The second formation of the 280th began on 25 December near Stalingrad in the North Caucasus Military District. It used the same basic order of battle as the first formation, but added the 368th Anti-Tank Battalion. The division remained near Stalingrad until its March 1942 transfer to the Reserve of the Supreme High Command. In April the incomplete 280th Rifle Division transferred to the Bryansk Front reserve and the next month was assigned to the 48th Army. During June and July, the division received reinforcements from the Moscow Military District's 14th Reserve Rifle Brigade. In January 1943, the 280th was moved to the 13th Army, which was transferred to the Central Front in March. By 1 April it had become part of the 28th Rifle Corps, and later that month the division with its corps was moved to the 70th Army. The 280th fought in the Battle of Kursk in July to the north west of Kursk.

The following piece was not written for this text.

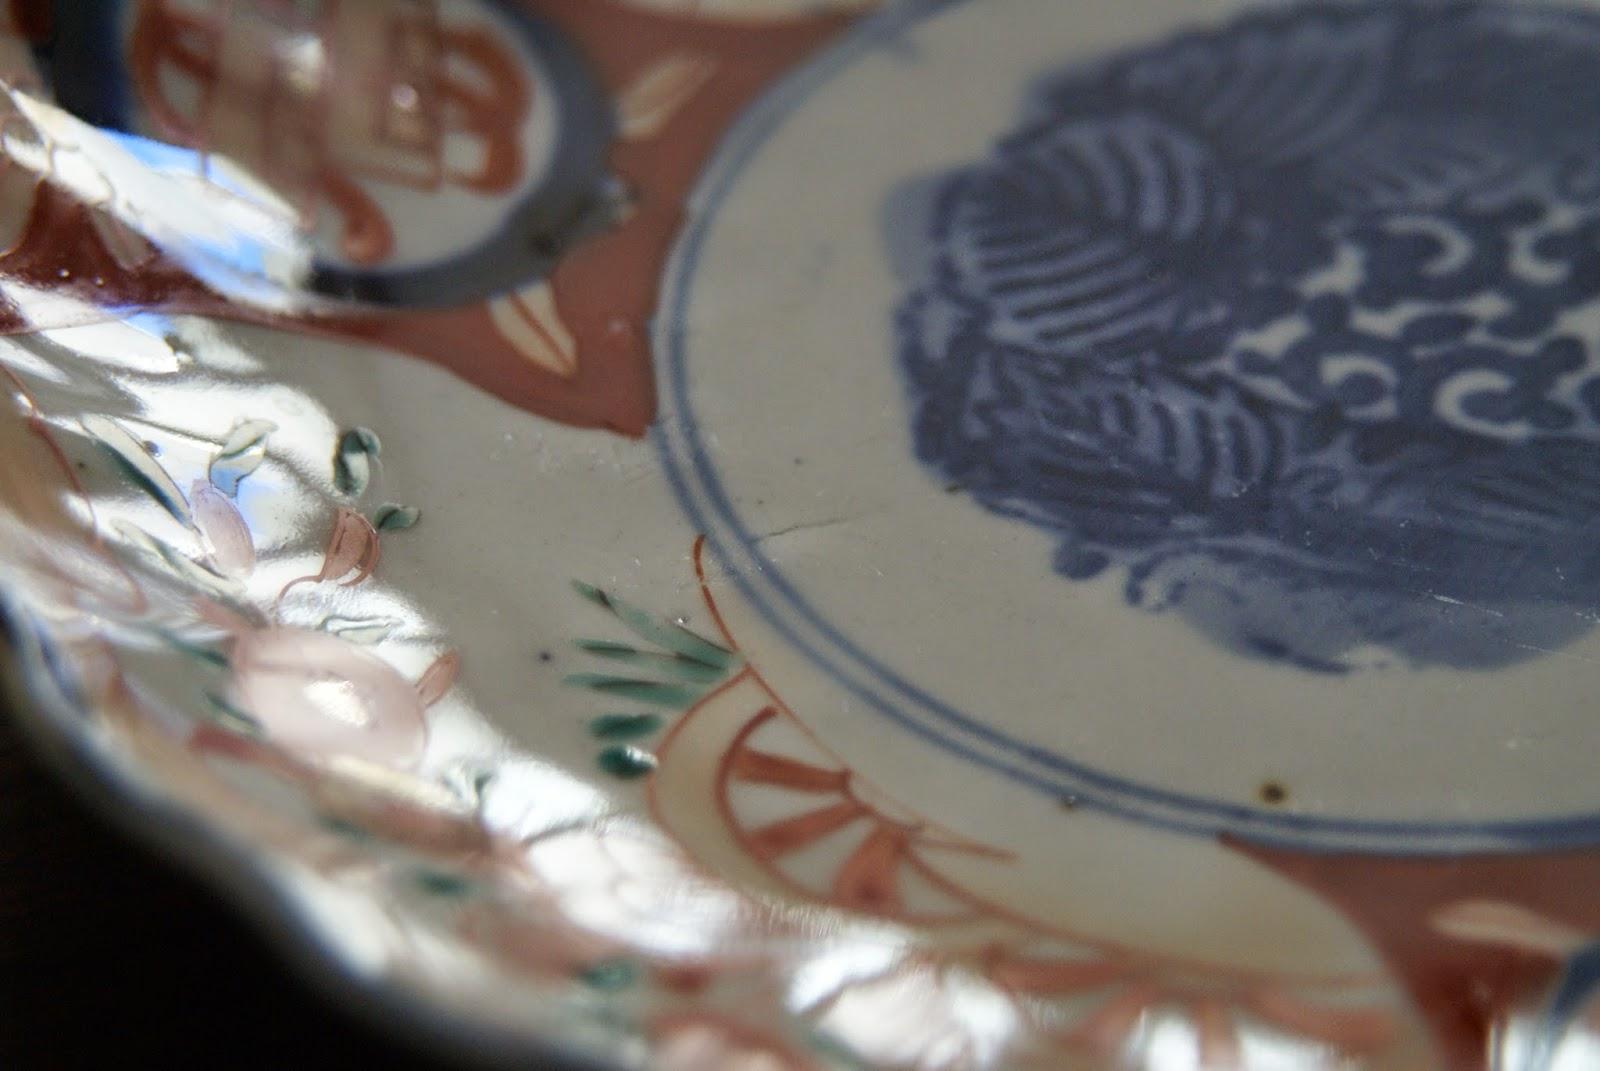 fêlure ou fêle dans la porcelaine
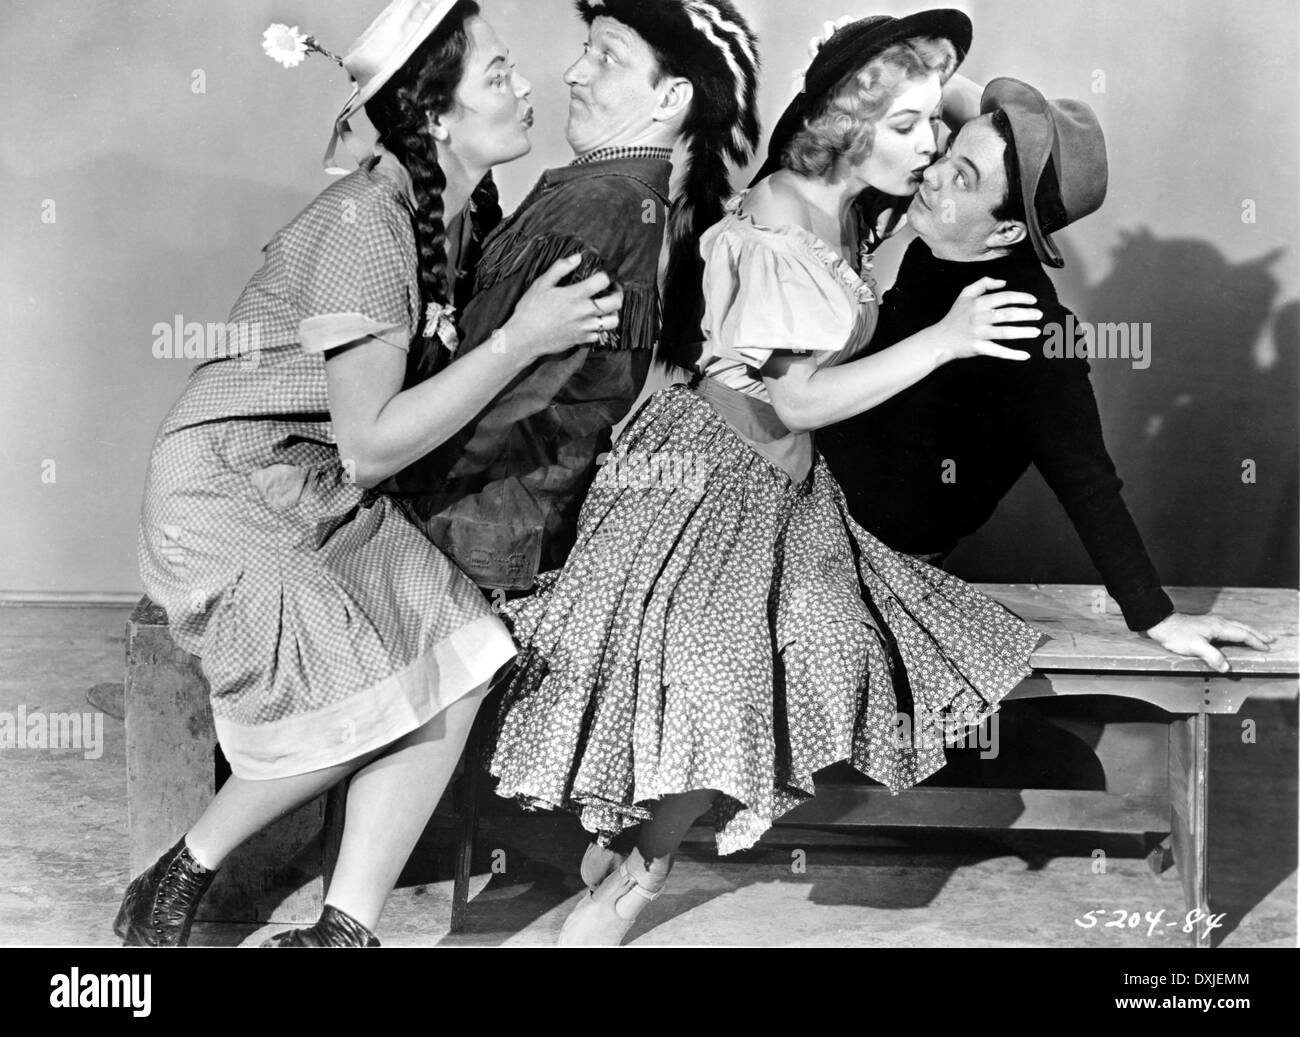 FEUDIN' FOOLS (US1952) DOROTHY FORD, HUNTZ HALL, ANNE ...

It was transferred to the 60th Army's 77th Rifle Corps during the battle. On 15 September 1943, it was awarded the Order of the Red Banner for its "exemplary fulfillment of command tasks...and valor and courage".

In October, the army was transferred to the 1st Ukrainian Front, with which the 280th spent the rest of the war. As part of the 18th Guards Rifle Corps, the division transferred to the 1st Guards Army in March 1944. On 27 July the division returned to the 13th Army, with which it remained for the rest of the war. Initially assigned to the army's 47th Rifle Corps, the 280th transferred to the 24th Rifle Corps in September. By December it had become part of the 27th Rifle Corps. During the last weeks of the war the division moved back to the 24th Rifle Corps. By the end of the war, the division's honorifics were "Konotop-Korosten, Order of the Red Banner, Order of Suvorov." The division was relocated to Liuboml in the Carpathian Military District with the 24th Rifle Corps, where it was disbanded in 1947.